There are four-letter words you should never use in business. They’re not fuck or shit. They’re need, must, can’t, easy, just, only and fast. These words gets in the way of healthy communication.
You’ll probably say that you’re familiar with answers to such questions. But here’s the million-dollar question: do you apply what you know on a daily basis? Sometimes we just need some advice from those who have succeeded in order to take the next step or to make the right decision.
If you are trying to decide among a few people to fill a position hire the best writer. It doesn’t matter if the person is marketer, salesperson, designer, programmer, or whatever, their writing skills will pay off. That’s because being a good writer is about more than writing clear writing. Clear writing is a sign of clear thinking. (…) Writing is today’s currency for good ideas.

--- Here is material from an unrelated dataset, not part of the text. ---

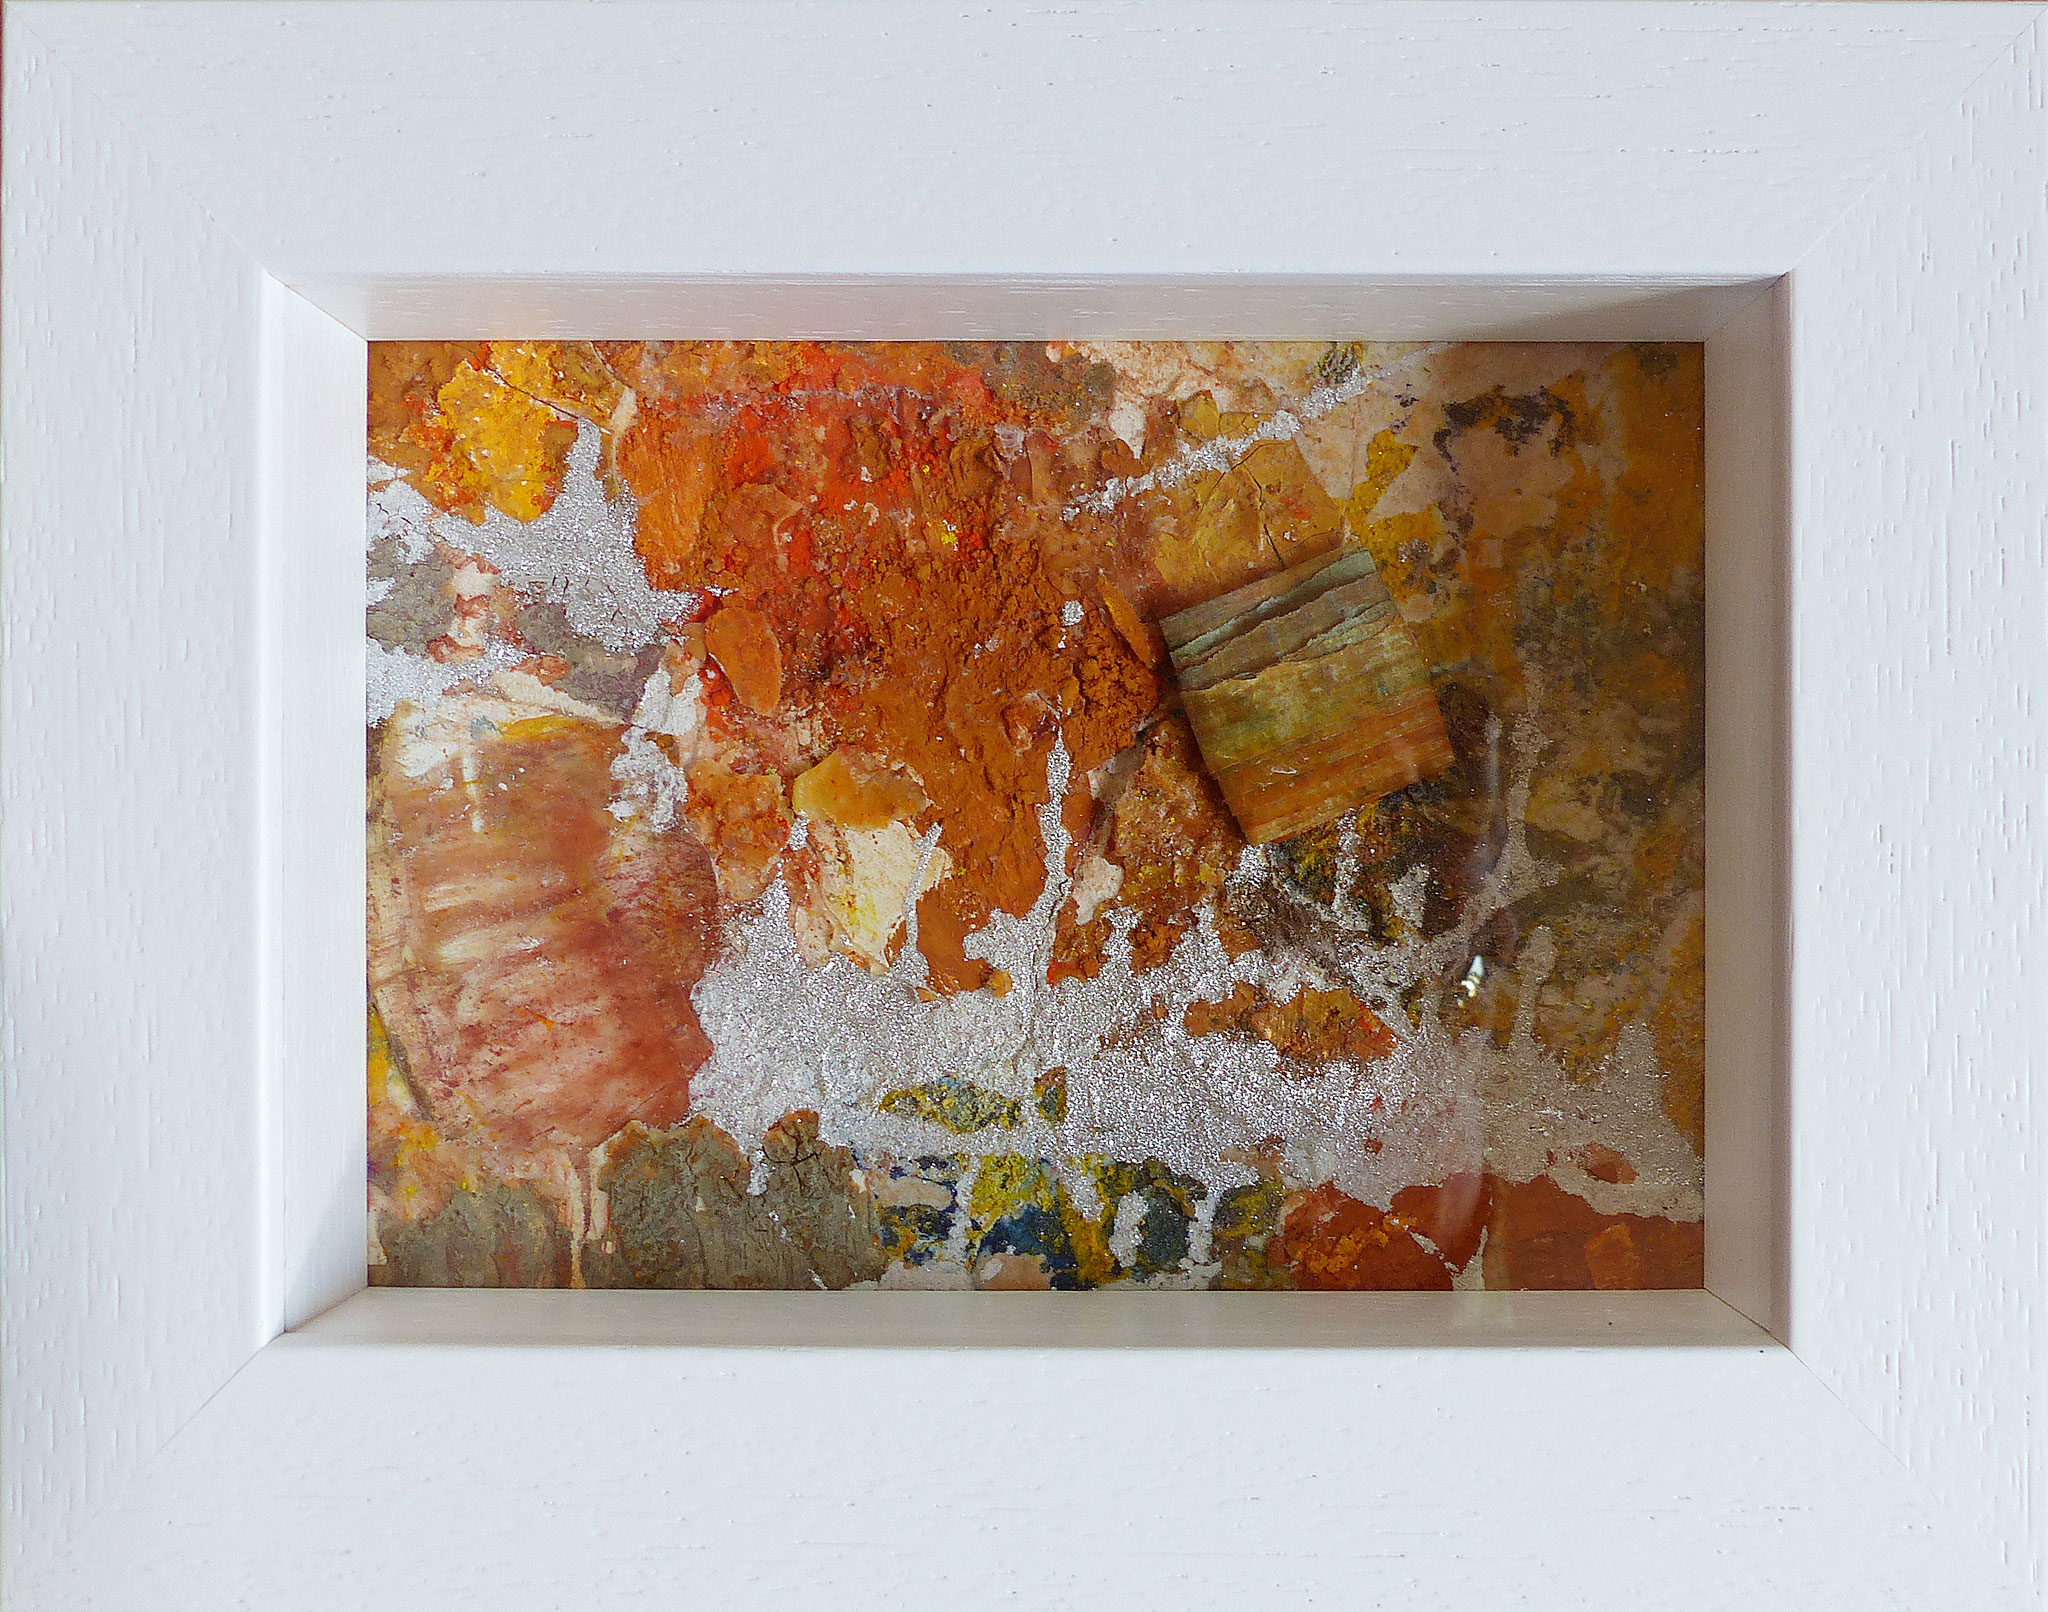 Papperlapapp 8, Acrylmischtechnik, 23 x 18 mit Rahmen, 2017,  verkauft

REWORK is the book that comes to your moral support whether you are an enthusiastic or bored employee, you have a small or a large business, you want to fulfill old dreams or have new ones. The smaller your business is, the higher the importance of the advice. When you are at the beginning of your activity, you gather experience; any advice about the steps you should or should not take is more than brilliant. If you apply it, of course!
Working more doesn’t mean you care more or get more done. It just means you work more.
REWORK tells you to do something, to take the first step and everything else will come along. It tells you to keep it simple, not to waste time on small things that don’t lead to anything good. This book tells you to be yourself, to be honest and open with those around you, with your employees or customers.
REWORK says a lot. I mostly liked those pieces of advice that seemed to be the opposite of reality. How to work less than the competition? What do you mean by “you do not do meetings”? How can CVs be absurd? Yet, there are truths that we don’t take into account until they hit us.
When you think about it, the true cost of meetings is staggering. Let’s say you’re going to schedule a meeting that lasts one hour, and you invite ten people to attend. That’s actually a ten-hour meeting, not a one-hour meeting. You’re trading ten hours of productivity for one hour of meeting time.
And no, meetings are not always useless. It’s about those people who like to hear themselves talking and talking, and then want things to be solved as soon as possible like… yesterday! How can a person solve their tasks when they spend most of their time in endless meetings?
Most of what is written in this book should be glued to the front door of any company. Both managers and employees should read those lines again and again, until they stick to their retina and enter the daily routine. Keep things simple, ignore reality, follow your dreams, do less – yet more, say ‘no’ more often, do not treat your employees like children, and, very importantly, sleep more. The more tired you are because of doing overtime to solve more tasks, the more time you lose.
I recommend every page of this book. There are things we already know, but we need others to remind us of them. At least once in a while!